WHAT YOU NEED TO DO: Write out the listing below exactly, and omit any images you find in it.

RECORDED INFORMATION:
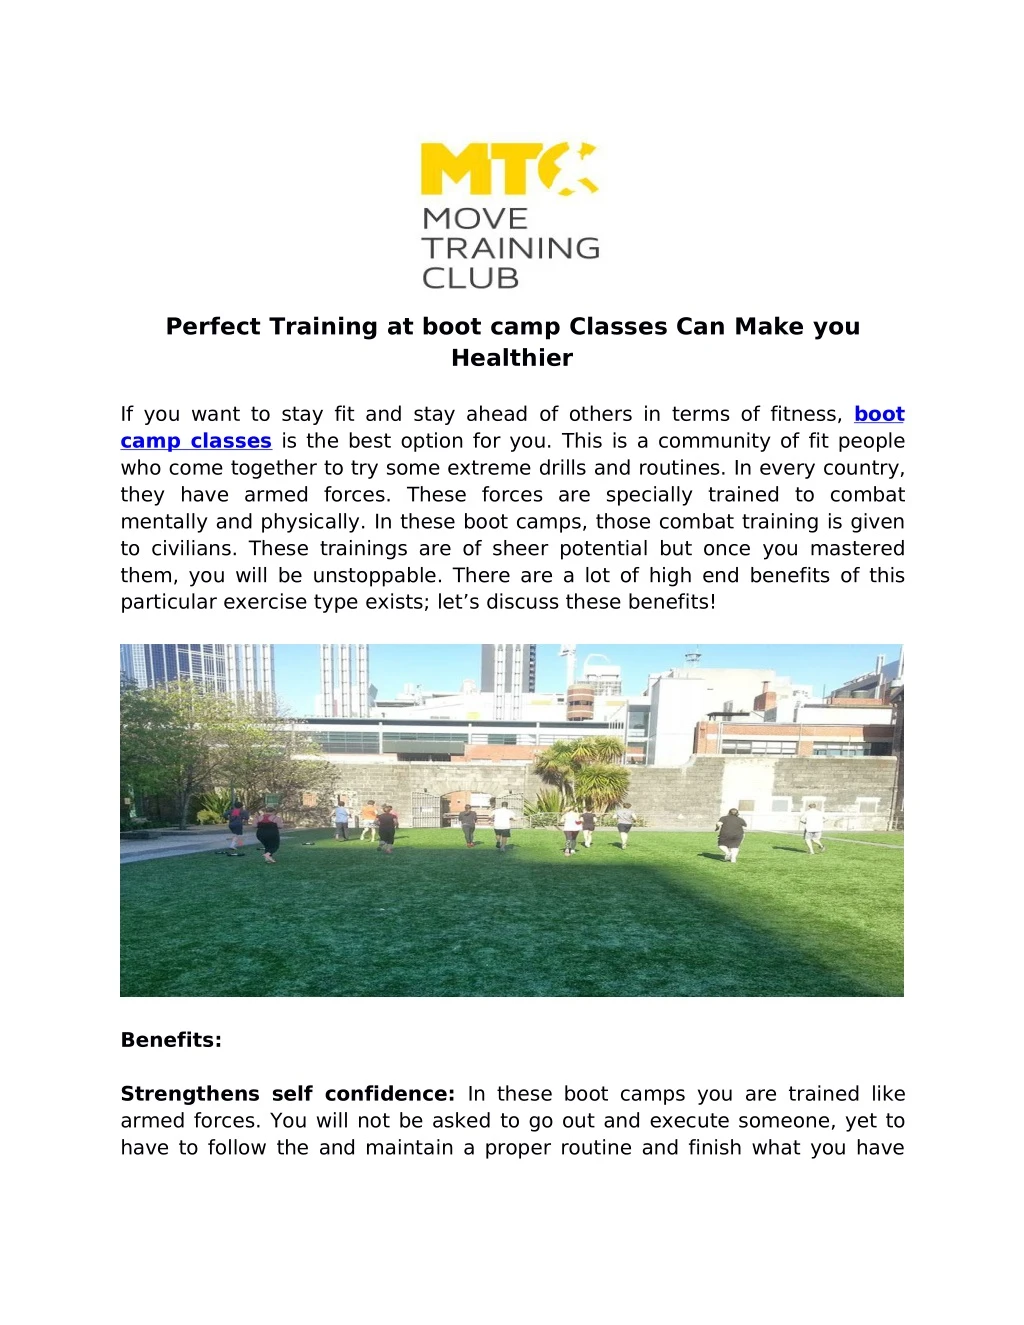 perfect training at boot camp classes can make
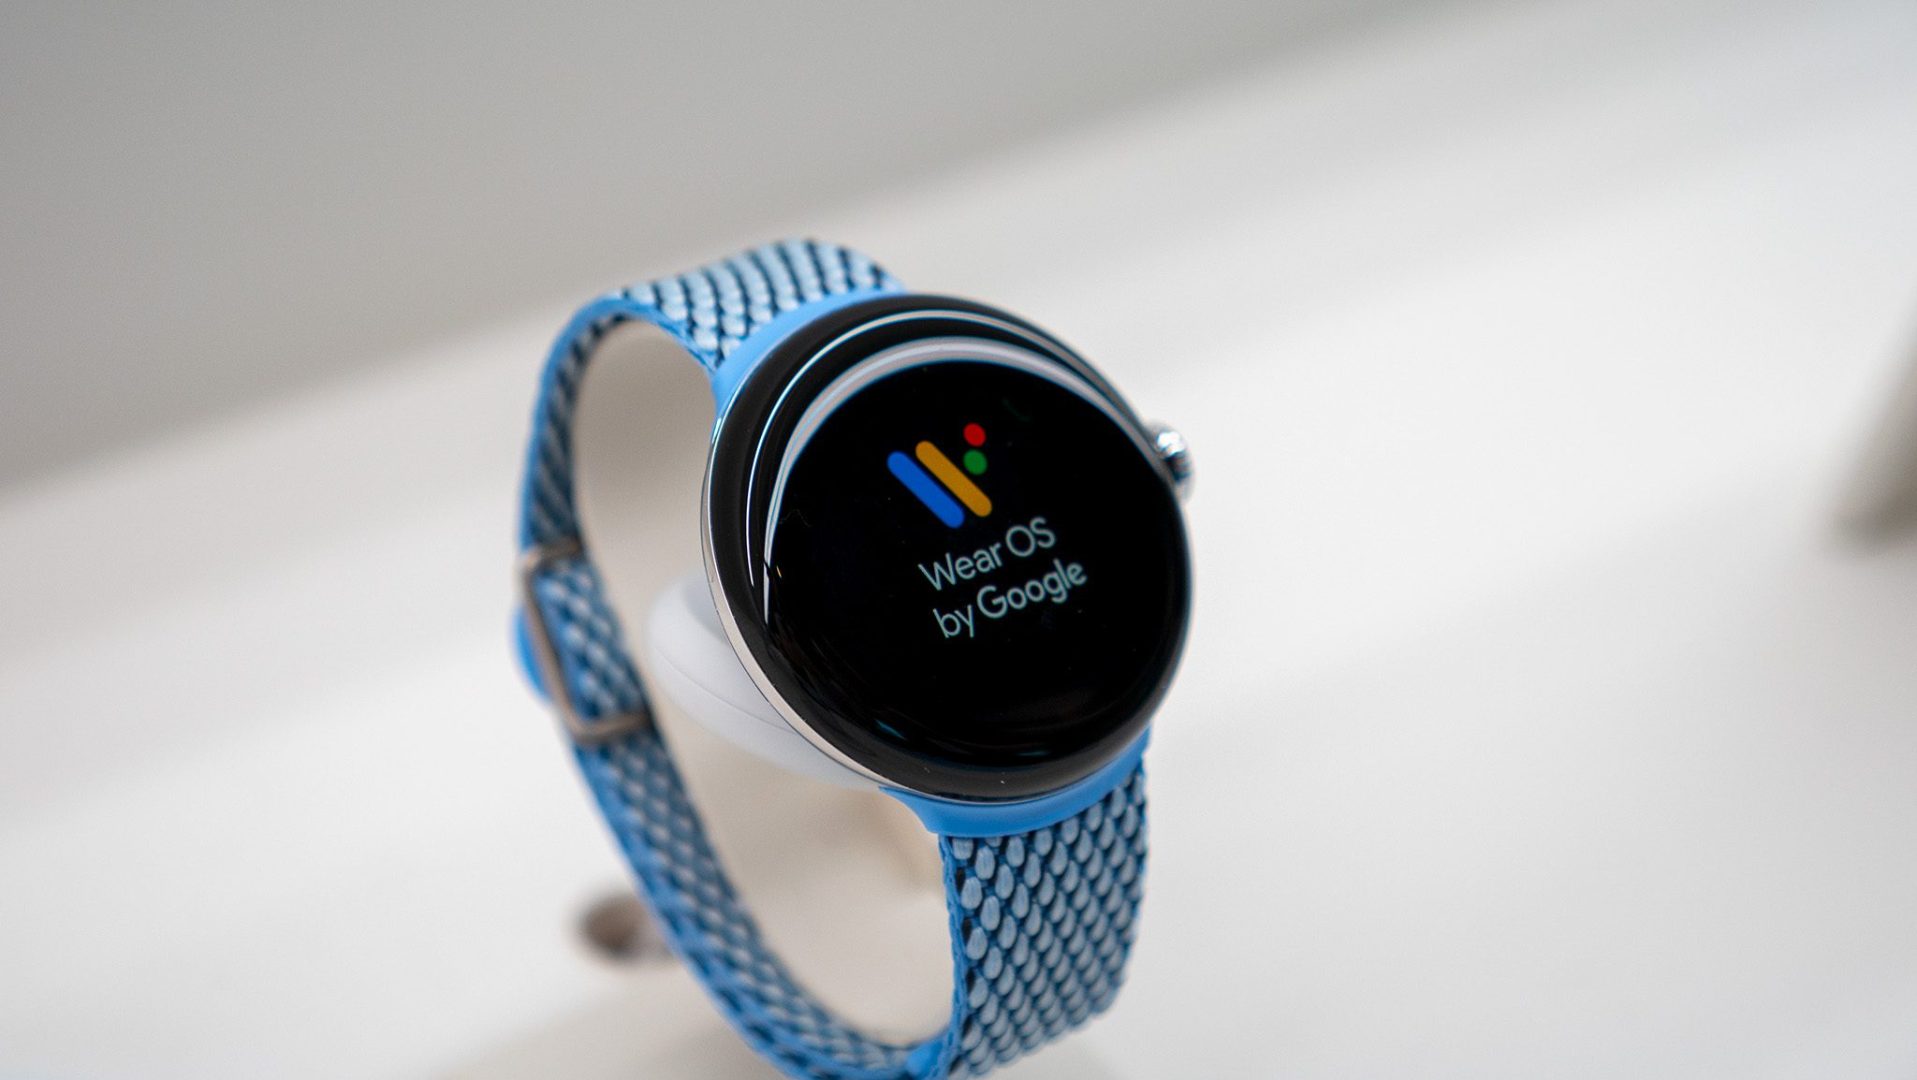 More Wear OS watch faces will consume less power in the future
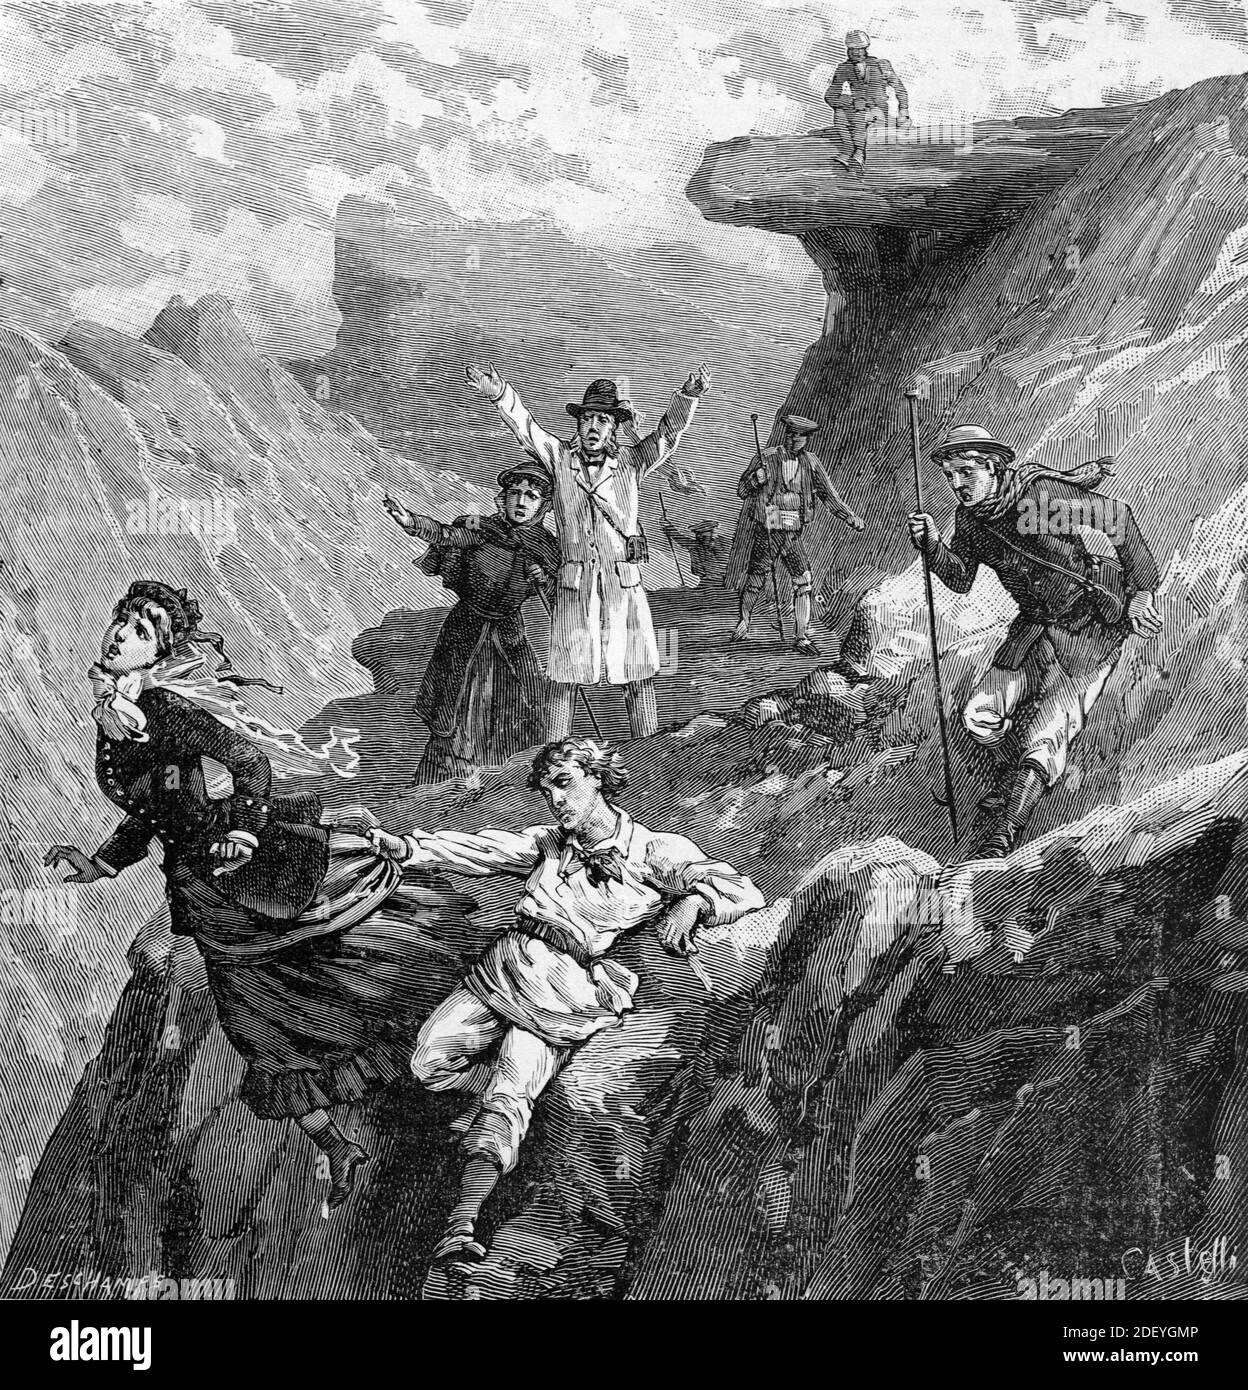 Walking Accident or Tragedy on Mount Puy de Sancy, the Highest Mountain in the Massif Central Puy-de-Dôme France (Engr Castelli, 1884) Vintage Engraving or Illustration Stock Photo

FINISHED EXERCISE:
 perfect training at boot camp classes can make
 More Wear OS watch faces will consume less power in the future
 Walking Accident or Tragedy on Mount Puy de Sancy, the Highest Mountain in the Massif Central Puy-de-Dôme France (Engr Castelli, 1884) Vintage Engraving or Illustration Stock Photo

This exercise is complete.